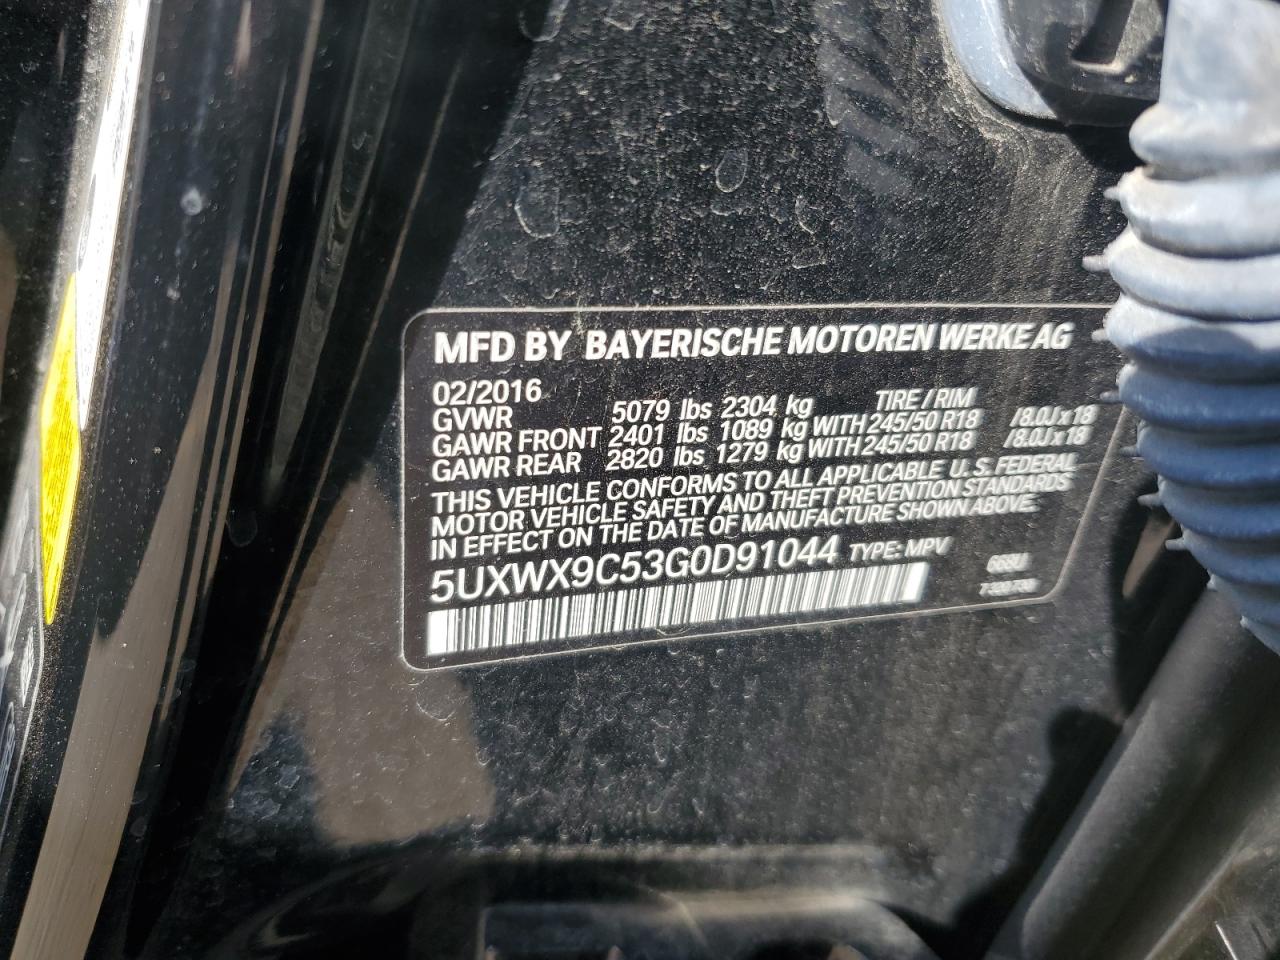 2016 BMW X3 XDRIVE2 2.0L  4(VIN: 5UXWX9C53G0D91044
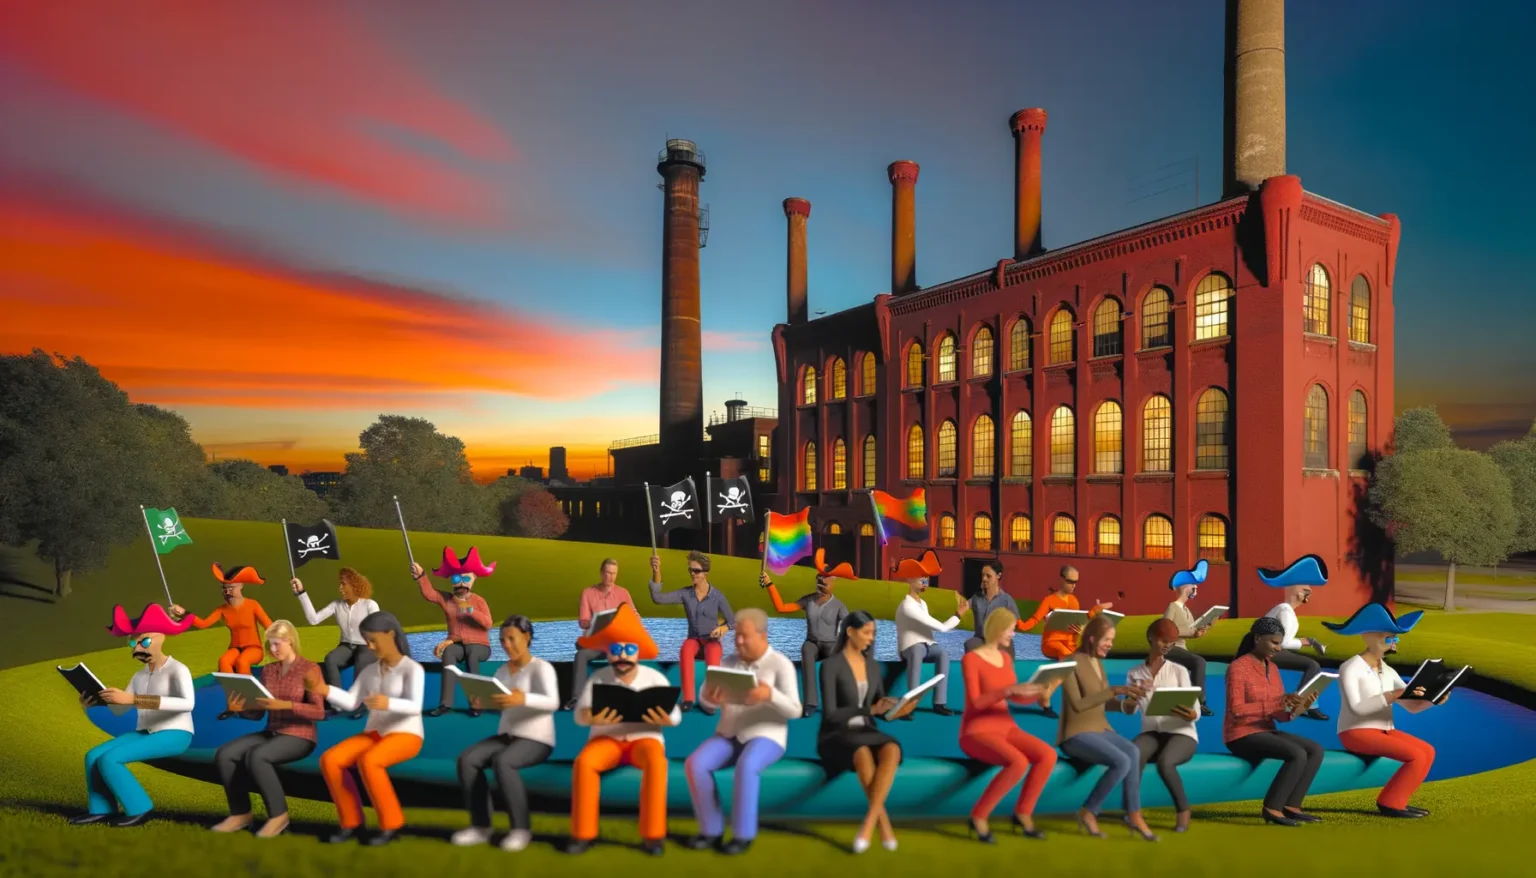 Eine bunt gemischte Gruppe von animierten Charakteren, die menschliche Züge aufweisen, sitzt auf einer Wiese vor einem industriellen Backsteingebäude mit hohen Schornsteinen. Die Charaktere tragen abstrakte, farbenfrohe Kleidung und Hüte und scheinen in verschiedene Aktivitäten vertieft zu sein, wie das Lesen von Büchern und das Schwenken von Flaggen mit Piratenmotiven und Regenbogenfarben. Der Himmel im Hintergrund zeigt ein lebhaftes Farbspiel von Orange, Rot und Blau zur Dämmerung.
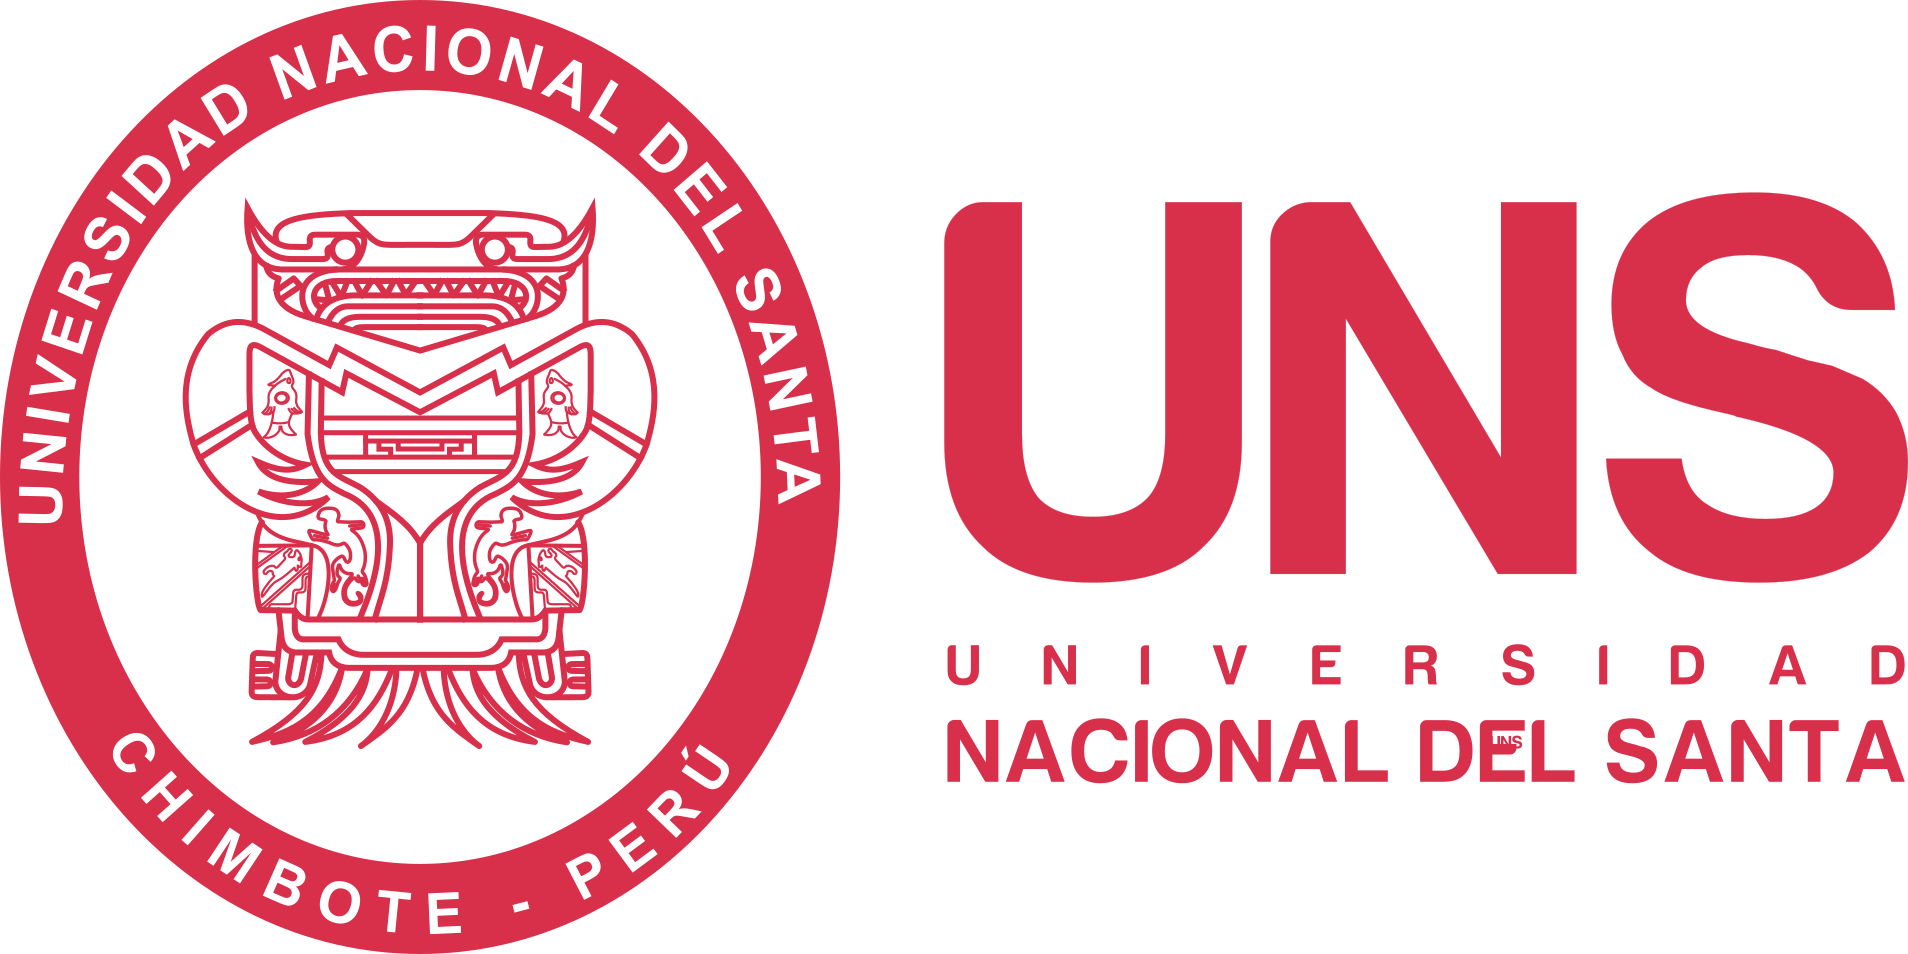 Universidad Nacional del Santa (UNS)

Your goal. Please reproduce the lines above from the one containing "Eine bunt gemischte" through the final line, exactly and inclusively, leaving out each picture.

Result of the task.
 Eine bunt gemischte Gruppe von animierten Charakteren, die menschliche Züge aufweisen, sitzt auf einer Wiese vor einem industriellen Backsteingebäude mit hohen Schornsteinen. Die Charaktere tragen abstrakte, farbenfrohe Kleidung und Hüte und scheinen in verschiedene Aktivitäten vertieft zu sein, wie das Lesen von Büchern und das Schwenken von Flaggen mit Piratenmotiven und Regenbogenfarben. Der Himmel im Hintergrund zeigt ein lebhaftes Farbspiel von Orange, Rot und Blau zur Dämmerung.
 Universidad Nacional del Santa (UNS)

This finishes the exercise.